Using the yeast two-hybrid system to screen a human aorta cDNA library, mitogen-activated protein/extracellular signal-responsive kinase (ERK) kinase (MEK)2, a member of the ERK cascade it was identified as an hDlg binding partner. Site-directed mutagenesis showed a major involvement of the PSD-95, disc-large, ZO-1 domain-2 of hDlg and the C-terminal sequence RTAV of MEK2 in this interaction. hDlg acts as a MEK2-specific scaffold protein for the ERK signaling pathway differentially tuning MEK1/MEK2 signaling and cell responses ( Maiga et al. 2011).

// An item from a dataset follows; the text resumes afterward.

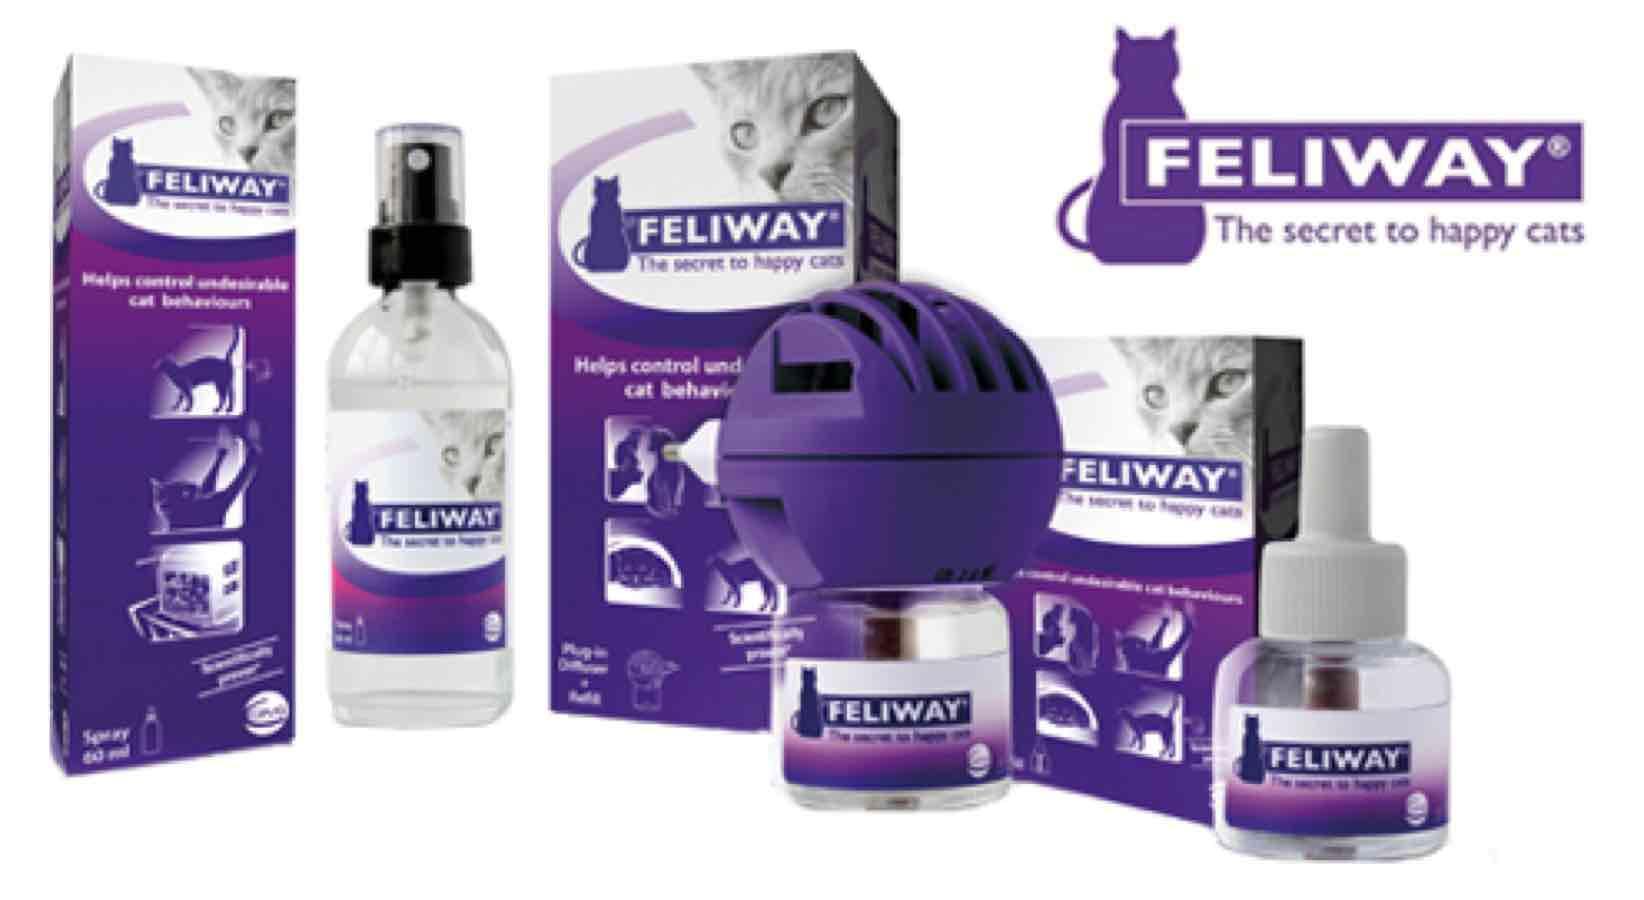 artikel-feliway-stopt-ongewenst-kattengedrag-medpets-nl-4-1398776130-308

Both proteins localize also to a sub-structure of the midbody, the midbody ring (Massimi et al. 2003; Gaudet et al. 2011).
Using a proteomic approach it has been shown that a strong interacting partner of hDlg is the RhoG-specific guanine nucleotide exchange factor SGEF. The interaction between hDlg1 and SGEF involves both PDZ and SH3 domain recognition, and directly contributes to the regulation of SGEF's cellular localization and activity. Consistent with this, hDlg is a strong enhancer of RhoG activity, which occurs in an SGEF-dependent manner and directly contributes to the invasive capacity of HPV-16 and HPV-18 transformed tumour cells displaying a distinct oncogenic function in the context of HPV induced malignancy (Krishna Subbaiah et al. 2012).

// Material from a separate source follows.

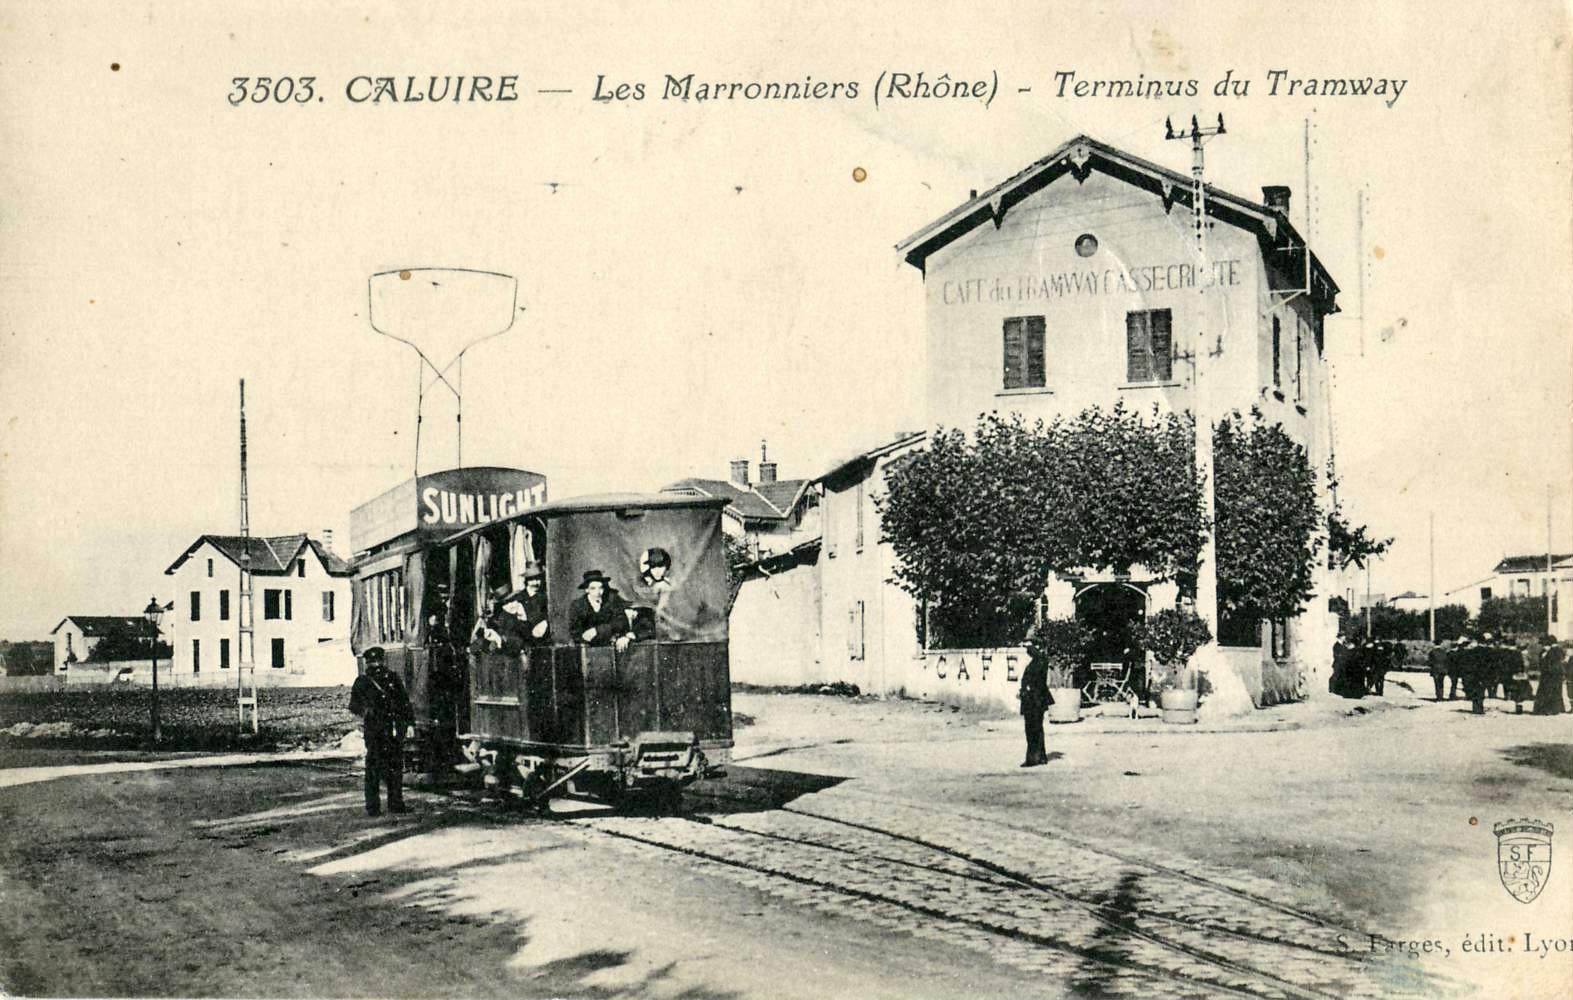 Cartes postales ville,villagescpa par odre alphabétique. - Page 11 Farges_3503_-_CALUIRE_-_Les_Marronniers_-_Terminus_du_Tramway

Loss of gap junctional communication correlatedswith relocalization of Cx43 to the cytoplasm late in tumorigenesis. A similar pattern of altered expression for the hDlg was found in cervical tumour cells, with partial co-localization of Cx43 and hDlg in an endosomal/lysosomal compartment. Relocalization of these proteins is not due to a general disruption of cell membrane integrity or Cx targeting. Cx43 (via its C-terminus) and hDlg interact directly in vitro and can form a complex in cells. This novel interaction requires the N- and C-termini of hDlg (Macdonald et al. 2012).
The components of the Scrib/Dlg tumour suppressor complex have complementary roles in Drosophila and loss of both proteins is a common event in many different human tumours. In human keratinocytes the removal of hScrib greatly reduces cell-cell contact and cell-matrix interactions, and promotes an invasive phenotype. Conversely, in cells lacking hDlg1 cell-cell contacts are maintained and there are decreases in both cell growth and invasion (Massimi et al. 2012).

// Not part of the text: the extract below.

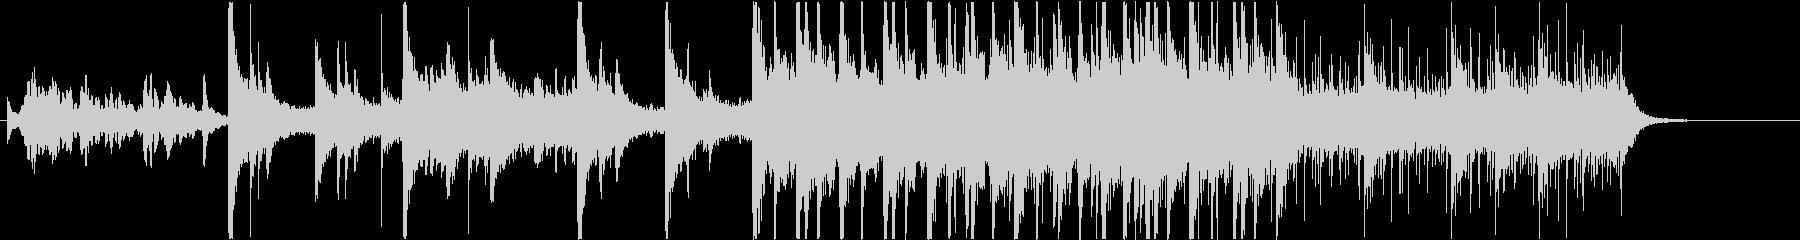 テンション高めるピアノBGM・ライブSEの未再生の波形

Expression DLG1 is widely expressed, with different isoforms displaying different expression profiles (McLaughlin et al., 2002). DLG1 is expressed mainly in epithelial cells and in the nervous system, but is also fond in thymus, bone marrow, T cells, spleen, brain, spinal cord, heart, kidney, lung, liver, pancreas, prostate (at the protein level).
Localisation DLG1 is localised at the plasma membrane (Hanada et al., 2000), cell-cell junctions (Lue et al., 1994), at the basolateral plasma membrane (Lue et al., 1996; Mimori et al., 2007). It is also found at the immunological synapse, endoplasmic reticulum, endoplasmic reticulum membrane, postsynaptic density, lateral plasma membrane, neuromuscular junction membrane, raft synapse and the postsynaptic membrane. . In human vascular tissues, hDlg is highly expressed in smooth muscle cells (VSMCs) and in these cells associates with the endoplasmic reticulum and microtubules ( Maiga et al 2011). There is equal expression of the two spliced variants in most human tissues; however, in skeletal muscle the transcript with the 99-bp insertion is predominant, whilst in the brain, the isoform lacking the 99-bp insertion is predominant. In brain there are six different, alternatively spliced transcripts, two of which included a novel, 36-bp, brain-specific exon encoding a peptide bearing significant homology to a portion of rat synapse-associated proteins, SAP97 and PSD95.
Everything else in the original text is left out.